Python Program to Build Suffix Array

A suffix array is a sorted array of all suffixes of a string. It is widely used in advanced string processing and searching algorithms.

Suffix arrays are memory-efficient alternatives to suffix trees and are used in many real-world applications.

1. Understanding the Problem

Given a string, construct its suffix array (sorted indices of suffixes).

Input: banana
Suffixes: banana, anana, nana, ana, na, a
Sorted: a, ana, anana, banana, na, nana
Output: [5, 3, 1, 0, 4, 2]

2. Method 1: Naive Approach

Python
Simple sorting
def build_suffix_array(s):
    suffixes = [(s[i:], i) for i in range(len(s))]
    suffixes.sort()
    return [index for (suffix, index) in suffixes]

print(build_suffix_array("banana"))

This method generates all suffixes and sorts them directly.

3. Method 2: Using Sorted Indices

Python
Sort indices by suffix
def suffix_array(s):
    return sorted(range(len(s)), key=lambda i: s[i:])

print(suffix_array("banana"))

This method avoids storing full suffix strings explicitly.

4. Method 3: Using Function

Python
Reusable function
def get_suffix_array(text):
    suffixes = []
    for i in range(len(text)):
        suffixes.append((text[i:], i))
    suffixes.sort()
    return [i[1] for i in suffixes]

print(get_suffix_array("abracadabra"))

Encapsulates logic into a reusable function.

5. Method 4: Build LCP Array

Python
Longest Common Prefix
def build_lcp(s, sa):
    n = len(s)
    lcp = [0] * n
    
    for i in range(1, n):
        l = 0
        x, y = sa[i], sa[i-1]
        while x + l < n and y + l < n and s[x+l] == s[y+l]:
            l += 1
        lcp[i] = l
    
    return lcp

s = "banana"
sa = sorted(range(len(s)), key=lambda i: s[i:])
print(build_lcp(s, sa))

LCP array helps in many advanced string algorithms.

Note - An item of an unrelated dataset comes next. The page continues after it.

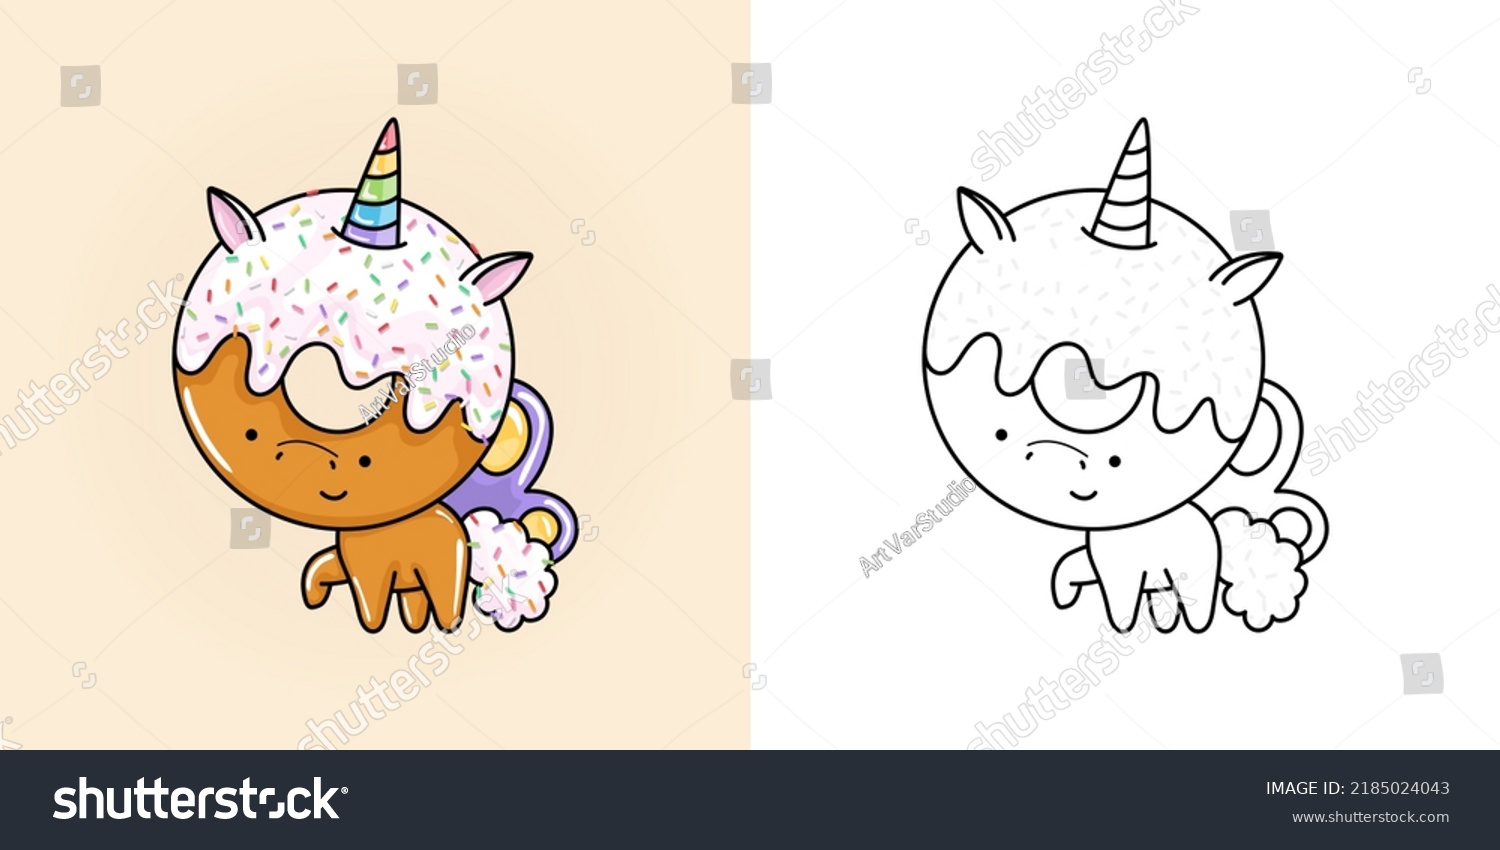 SVG of Clipart Unicorn Multicolored and Black and White. Cute Clip Art Unicorn Donut. Vector Illustration of a Kawaii Animal for Stickers, Baby Shower, Coloring Pages, Prints for Clothes.
 svg

6. Method 5: Handling Edge Cases

Python
Edge cases
s = input().strip()

if not s:
    print([])
elif len(s) == 1:
    print([0])
else:
    print(sorted(range(len(s)), key=lambda i: s[i:]))

Handles empty and single-character strings safely.

7. Algorithm

1. Generate all suffixes of string.

2. Sort suffixes lexicographically.

3. Store starting indices.

4. Return suffix array.

8. Common Mistakes

1. Confusing suffix array with suffix tree.

2. High memory usage in naive method.

3. Incorrect sorting logic.

4. Ignoring edge cases.

9. Applications

1. Fast substring search.

2. Data compression (Burrows-Wheeler Transform).

3. Bioinformatics (DNA matching).

4. Pattern matching algorithms.

Conclusion

Suffix arrays are powerful tools for solving advanced string problems efficiently.

Although the naive approach is simple, optimized methods are preferred for large-scale applications.